(Data extracted from a collection)
--------------------------------

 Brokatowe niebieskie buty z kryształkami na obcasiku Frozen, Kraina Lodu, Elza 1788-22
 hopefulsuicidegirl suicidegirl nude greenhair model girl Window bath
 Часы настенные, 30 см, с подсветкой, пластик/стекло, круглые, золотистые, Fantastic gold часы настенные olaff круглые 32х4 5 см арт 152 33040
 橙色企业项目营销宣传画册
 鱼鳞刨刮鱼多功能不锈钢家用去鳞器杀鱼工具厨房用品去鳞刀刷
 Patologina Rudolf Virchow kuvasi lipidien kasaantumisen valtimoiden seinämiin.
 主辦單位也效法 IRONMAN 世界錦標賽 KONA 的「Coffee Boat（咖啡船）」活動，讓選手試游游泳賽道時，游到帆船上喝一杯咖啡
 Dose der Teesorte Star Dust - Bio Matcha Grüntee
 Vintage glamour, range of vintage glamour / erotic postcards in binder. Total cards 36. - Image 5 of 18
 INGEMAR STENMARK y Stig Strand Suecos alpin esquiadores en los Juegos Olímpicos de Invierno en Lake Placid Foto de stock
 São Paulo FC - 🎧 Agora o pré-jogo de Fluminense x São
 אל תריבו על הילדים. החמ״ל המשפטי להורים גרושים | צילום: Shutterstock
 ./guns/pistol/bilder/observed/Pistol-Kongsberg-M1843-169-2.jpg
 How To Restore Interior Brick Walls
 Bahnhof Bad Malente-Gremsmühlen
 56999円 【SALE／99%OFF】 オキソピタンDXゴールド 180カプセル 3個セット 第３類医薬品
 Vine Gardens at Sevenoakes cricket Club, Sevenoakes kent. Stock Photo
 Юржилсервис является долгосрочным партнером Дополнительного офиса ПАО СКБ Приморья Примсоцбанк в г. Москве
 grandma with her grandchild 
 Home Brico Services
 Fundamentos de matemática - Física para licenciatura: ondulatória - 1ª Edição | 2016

--------------------------------

▶ _Required action_
Every entry above should be retyped exactly as shown.

▶ _Result of this task_
 Brokatowe niebieskie buty z kryształkami na obcasiku Frozen, Kraina Lodu, Elza 1788-22
 hopefulsuicidegirl suicidegirl nude greenhair model girl Window bath
 Часы настенные, 30 см, с подсветкой, пластик/стекло, круглые, золотистые, Fantastic gold часы настенные olaff круглые 32х4 5 см арт 152 33040
 橙色企业项目营销宣传画册
 鱼鳞刨刮鱼多功能不锈钢家用去鳞器杀鱼工具厨房用品去鳞刀刷
 Patologina Rudolf Virchow kuvasi lipidien kasaantumisen valtimoiden seinämiin.
 主辦單位也效法 IRONMAN 世界錦標賽 KONA 的「Coffee Boat（咖啡船）」活動，讓選手試游游泳賽道時，游到帆船上喝一杯咖啡
 Dose der Teesorte Star Dust - Bio Matcha Grüntee
 Vintage glamour, range of vintage glamour / erotic postcards in binder. Total cards 36. - Image 5 of 18
 INGEMAR STENMARK y Stig Strand Suecos alpin esquiadores en los Juegos Olímpicos de Invierno en Lake Placid Foto de stock
 São Paulo FC - 🎧 Agora o pré-jogo de Fluminense x São
 אל תריבו על הילדים. החמ״ל המשפטי להורים גרושים | צילום: Shutterstock
 ./guns/pistol/bilder/observed/Pistol-Kongsberg-M1843-169-2.jpg
 How To Restore Interior Brick Walls
 Bahnhof Bad Malente-Gremsmühlen
 56999円 【SALE／99%OFF】 オキソピタンDXゴールド 180カプセル 3個セット 第３類医薬品
 Vine Gardens at Sevenoakes cricket Club, Sevenoakes kent. Stock Photo
 Юржилсервис является долгосрочным партнером Дополнительного офиса ПАО СКБ Приморья Примсоцбанк в г. Москве
 grandma with her grandchild 
 Home Brico Services
 Fundamentos de matemática - Física para licenciatura: ondulatória - 1ª Edição | 2016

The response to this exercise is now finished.